Тот ехал, борясь со своим положением и болтаясь в седле, причем ножки его свешивались до половины чепрака. Все то, что он говорил, он говорил на разные лады, словно какой-нибудь мадригал, в зависимости от получаемых толчков, которых было не мало. А мессер Бернабо чем больше видел, как качается из стороны в сторону посол, тем больше приговаривал: «Продолжай же рассказывать о своих делах-я разберу тебя хорошо».

Коротко говоря, Бернабо протаскал посла таким образом четыре часа, так что тот не раз готов был свалиться на землю и никак не мог подобрать под себя платье или устроиться так, чтобы не то, что ноги, но и ляжки не обнажались. В конце концов, будучи человеком далеко не цветущего здоровья, вернулся он ко двору, откуда они выехали, совершенно растерзанным, еще более желтым и жалким, чем когда-либо. Синьор же, сойдя с коня, сказал, что даст ему ответ, и поднялся в дом.

Когда посол сходил с коня, то зацепился за обе луки и совершенно повис в воздухе. В то время, как он висел на локоть от земли, конь внезапно повернулся, и он чуть было не свалился. В конце концов, он еле-еле стал на твердую землю. За все время пятнадцатидневного пребывания своего в Милане посол ни разу не смог явиться к синьору, и если и получил все же ответ, то он был передан ему через других. Так он и вернулся к синьору, которым был послан. Узнав от своего жалкого желтого посла о приеме, которого тот был удостоен, он понял, что мессер Бернабо поступил так из-за тощего и печального вида его посланца, напоминавшего скорее иволгу, нежели человека.

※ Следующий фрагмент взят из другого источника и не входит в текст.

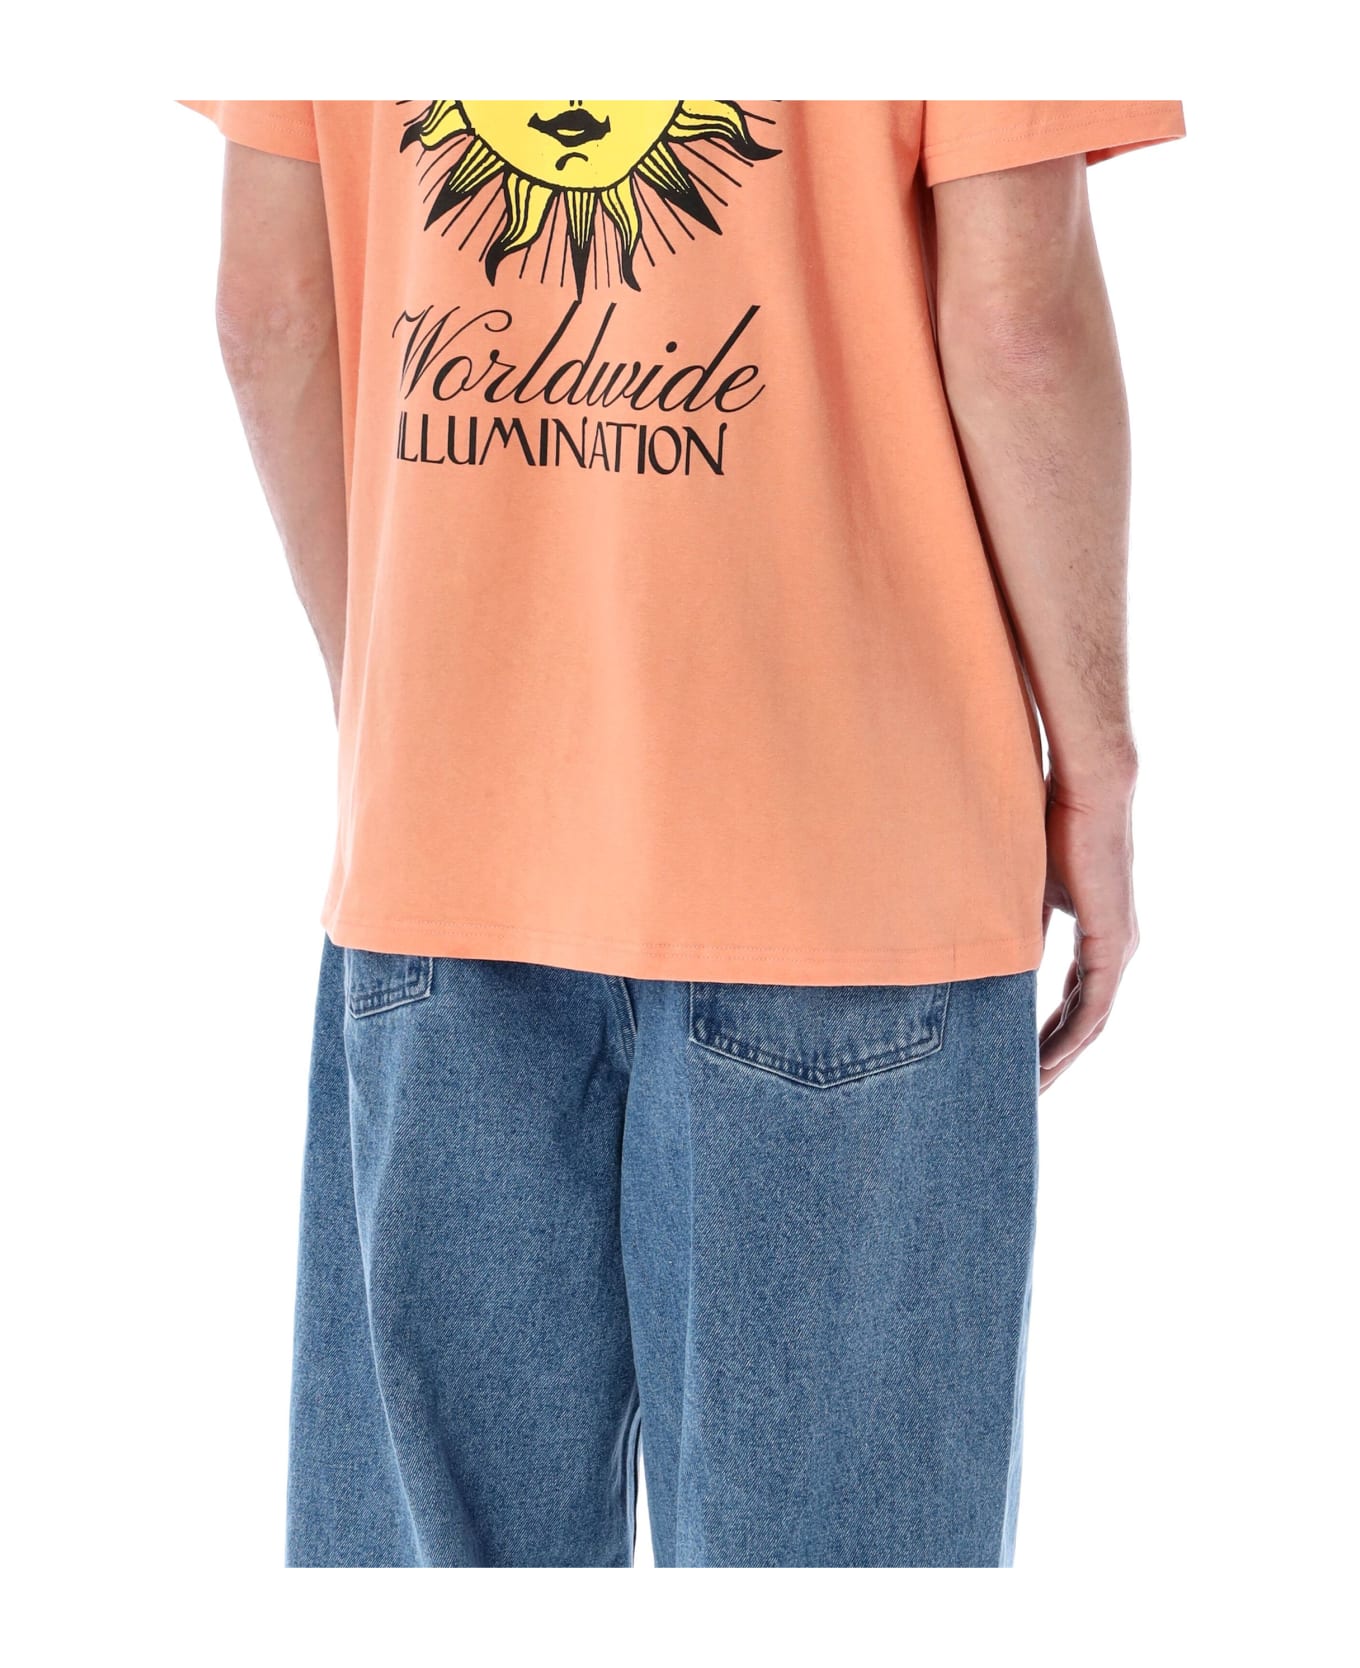 Obey Illumination Classic T-shirt - CITRUS

Когда кому-нибудь приходится посылать послов, то, выбирая их, следует проявлять больше внимания, чем это делается обычно. Послы должны быть людьми пожилыми и мудрыми, представительной наружности. Иначе тому, кто посылает их, бывает мало чести, а еще меньше тем, кого посылают. Так случилось и с желтым послом, о котором сказано выше.

Новелла 75

В то время как живописец Джотто в обществе нескольких людей совершал прогулку, его неожиданно сбивает с ног свинья. Джотто говорит по этому поводу острое словцо; будучи спрошен о другой вещи, он отвечает новой остротой

Тот, кому хорошо известны обычаи Флоренции, знает, что каждое первое воскресенье месяца там принято ходить к св. Галлу,[190] причем мужчины и женщины идут вместе. Но ходят они в эту церковь больше ради прогулки, чем ради отпущения грехов. В одно из таких воскресений направился туда же в сопровождении нескольких лиц и Джотто. Когда, дойдя до улицы Кокомеро,[191] он приостановился, рассказывая о каком-то необыкновенном случае, одна из проходивших мимо свиней св. Антония,[192]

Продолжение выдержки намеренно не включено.